The American singer, 22, appeared stunned as she won song of the year for her Barbie The Album ballad What Was I Made For? during the 66th prestigious music awards ceremony.
On stage, she thanked the director of the blockbuster doll film Greta Gerwig for “making the best movie of the year”, with the video cutting over to show her fellow nominee in that category, Taylor Swift, nodding in agreement.
She also praised her brother and fellow collaborator Finneas O’Connell, whom she described as her best friend.
Eilish also won a Grammy for best song written for visual media on Sunday.
Speaking in the winners’ room, she said: “To be real with you, we had really been writing absolutely nothing before we had that opportunity to write for Barbie, we had been working three days a week and not coming up with stuff.
“And even if we were coming up with stuff, it just didn’t feel right, didn’t feel good, didn’t feel real, and I got really worried, nervous. I felt like it was (going to) be over a little bit.
“I was in a really dark place, really, really dark place and it’s kind of hard to think back to it.
“But Greta came to us, she offered us this life-changing thing … we wrote that song in the 24 hours after we saw the movie, and we wrote it under two hours, if not one hour.
“Honestly, from then on we were just creative again, it woke us up and got us back on our thing and it was really special and powerful and I hold it deep, deep and dear to my heart.”
Eilish also said she felt “seen and heard” after releasing the track, which reached number one in the UK charts.

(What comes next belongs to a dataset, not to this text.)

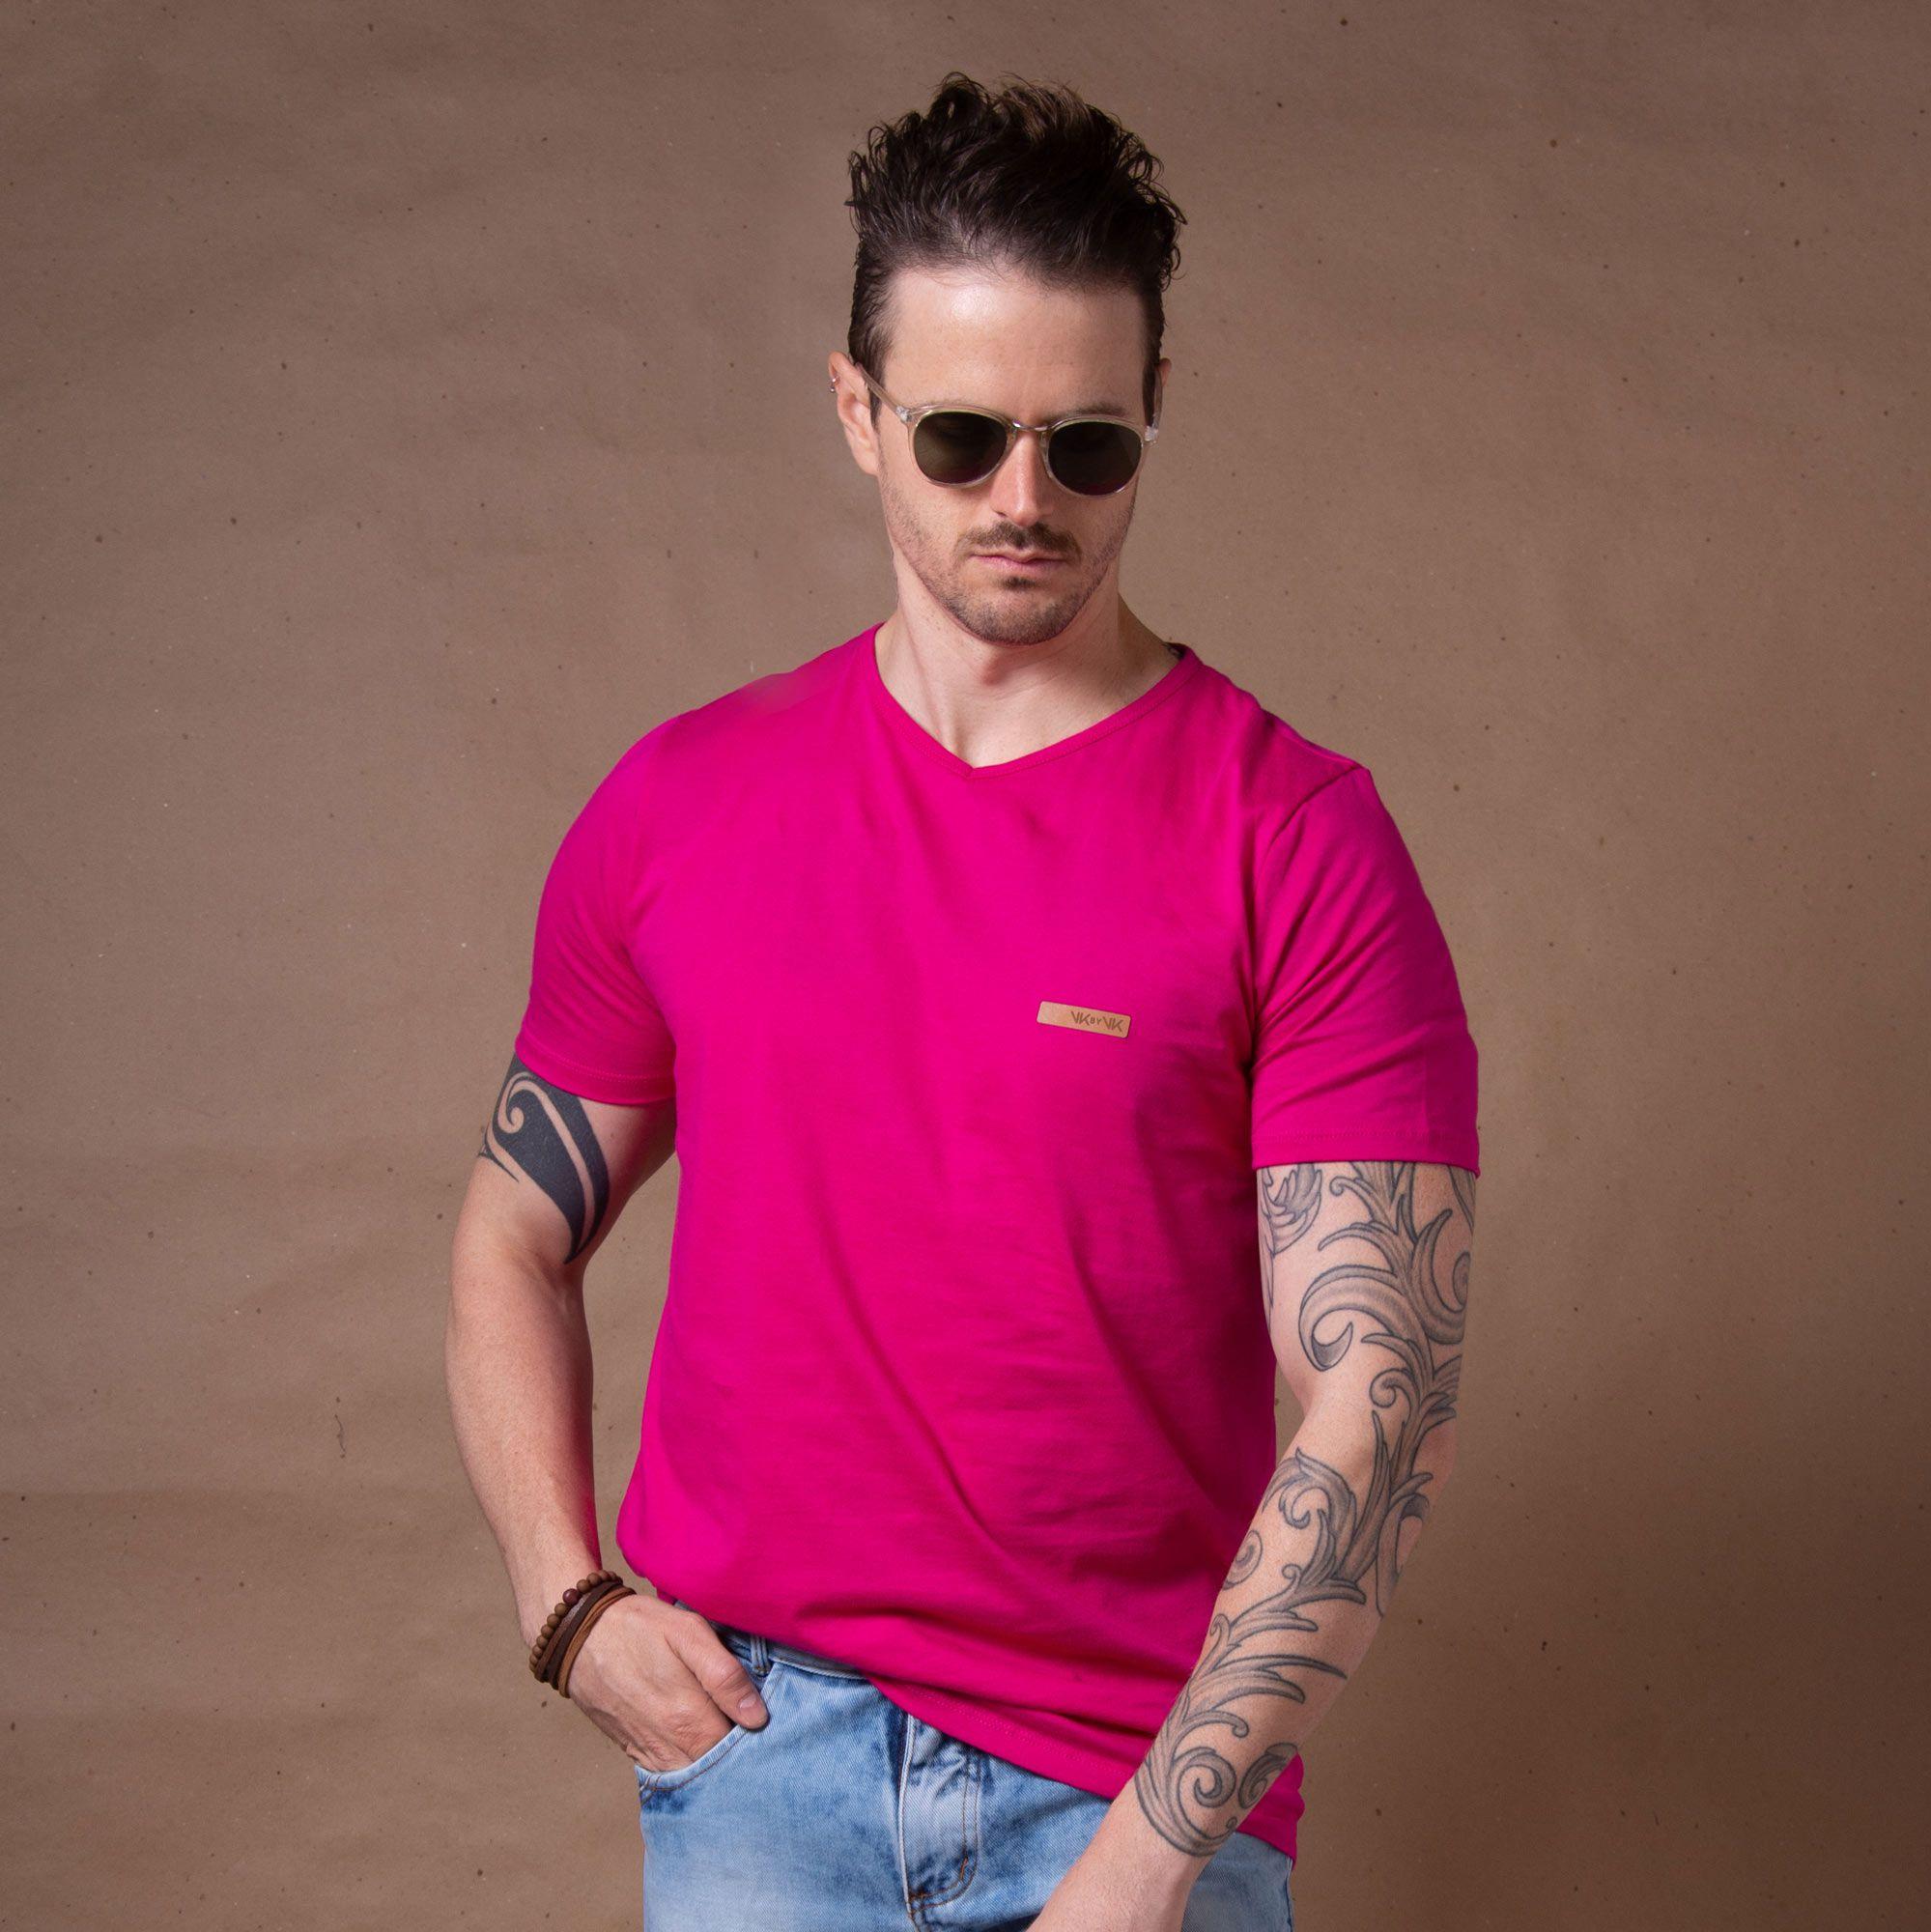 5bfca0dddb Camiseta Básica Gola V Rosa - VK by VK

“When we made it I didn’t know how much this is going to translate. I felt kind of outside the box,” she added.
“I felt isolated in my own world and I really was in a period of my life where I did not feel seen at all.
“The way people reacted when it came out. I was completely blown away by the way I felt understood and this (the Grammy) just goes even farther than that.”
She also performed her Grammy-winning track at the ceremony, dressed as the 1965 Barbie Poodle Parade doll wearing black sunglasses and a pink head scarf, with O’Connell on the piano.